QuickBooks Pro 6.0 for the Mac OS X includes Aatrix Top Pay for Payroll, including a special install version for Canadians.

Note this is the "Pro" version as opposed to "Accounts" which I think is the light version of the product...Intuit is very unclear in how they're marketing this product line for the Mac, and it's too bad because it's a great app!


----------



## Irie Guy (Dec 2, 2003)

Here we go again!!!

Quickbooks Accounts for Mac which is the only Quickbooks version that Intuit Canada supports for Mac users does not include Payroll functions. You can easily use Revenue Canada's Tables on Diskette to provide you your deductions and then do a General Ledger input with the appropriate accounts set up in Quickbooks Accounts. 

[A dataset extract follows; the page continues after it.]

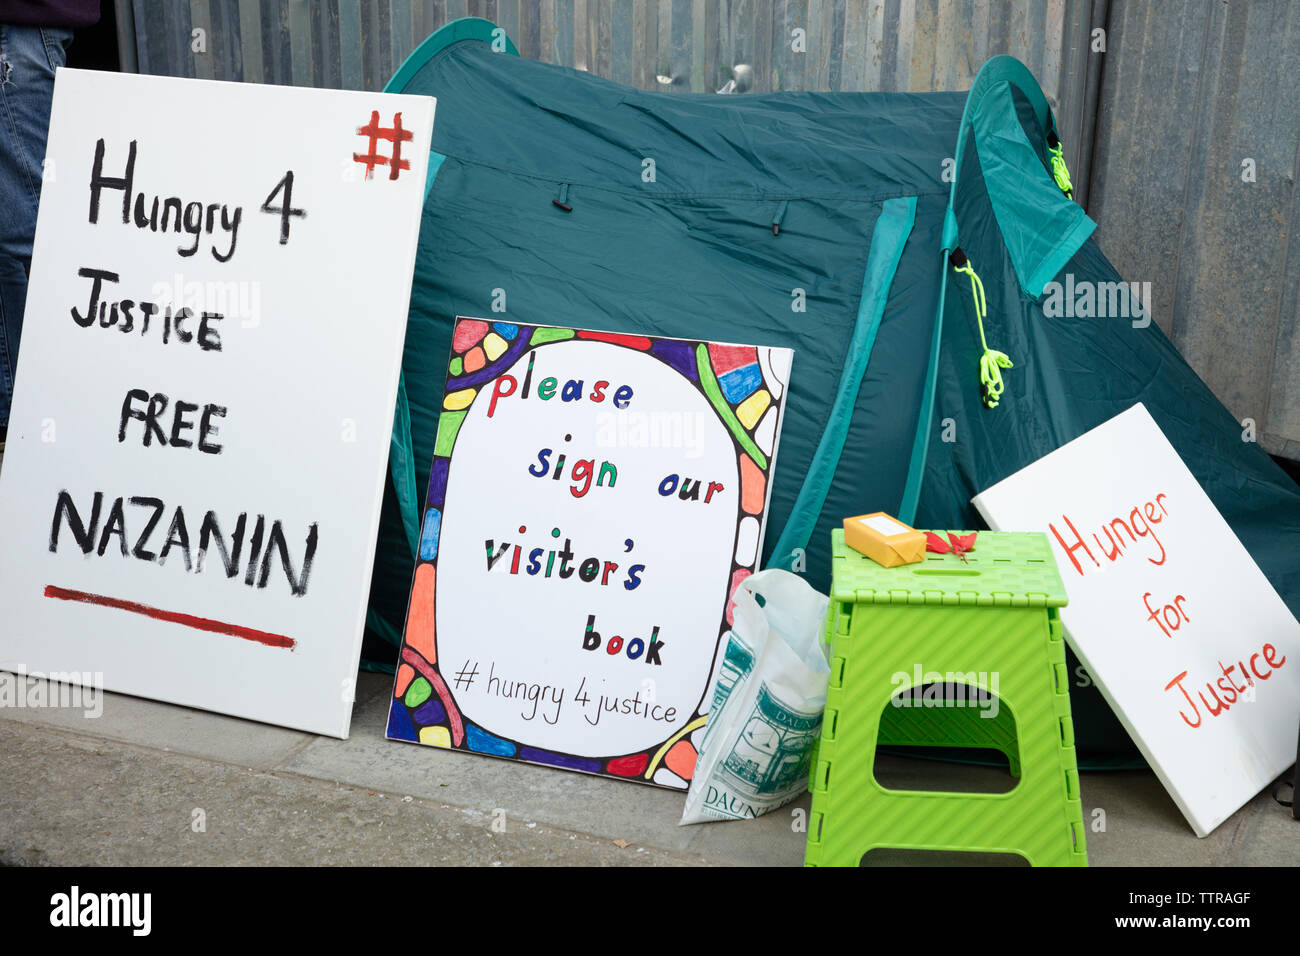 London, UK. 17th June 2019. Tent and placards in support of Richard Ratcliffe on hunger strike in front of the Iranian embassy in London in protest of the detention of his wife Nazanin Zaghari in Iran over spying allegations. Credit: Joe Kuis / Alamy Stock Photo

Quickbooks 6.0 can only be purchased in the US. Yes it can handle Canadian businesses but it is not supported in any way by Intuit Canada. If you purchase it and need help you are on your own as Intuit USA will not supoort it outside of the States and Intuit Canada will not support it because they don't sell it.

I have been using Quickbooks Accounts for Mac for over 1 year now and I am happy with the product depiste it's limitations. I also own Quickbooks Pro 2002 for the PC but prefer to use my Mac so I use Quickbooks Accounts.


----------



## Sonal (Oct 2, 2003)

Thanks for the clarification. Another question:

What PC version of QuickBooks is QuickBooks Accounts most similar to in terms of features? 

Based on price, it _should_ functionally equivalent to Premier, but there's no direct feature comparison available.

I'm planning to download the Tables on Diskette for Mac anyway, but I'm looking for something that make the payroll and accounting as idiot-proof as possible. I'm not naturally organized -- I need to get systems in place that will keep me from screwing myself over. 

If I keep all the accounting on my Mac, there are web-based and phone-based payroll services that I might use, assuming the cost is reasonable. Anyone have any recommendations?


----------



## Irie Guy (Dec 2, 2003)

I would consider Quickbooks Accounts for Mac similar to no versions of Quickbooks for Window. It is a rebadged MYOB product. Intuit Canada bought out the Canadian branch of MYOB and as such simply rebadged an MYOB product instead of producing their own CDN product.

You will get more features with Premier for Windows.


----------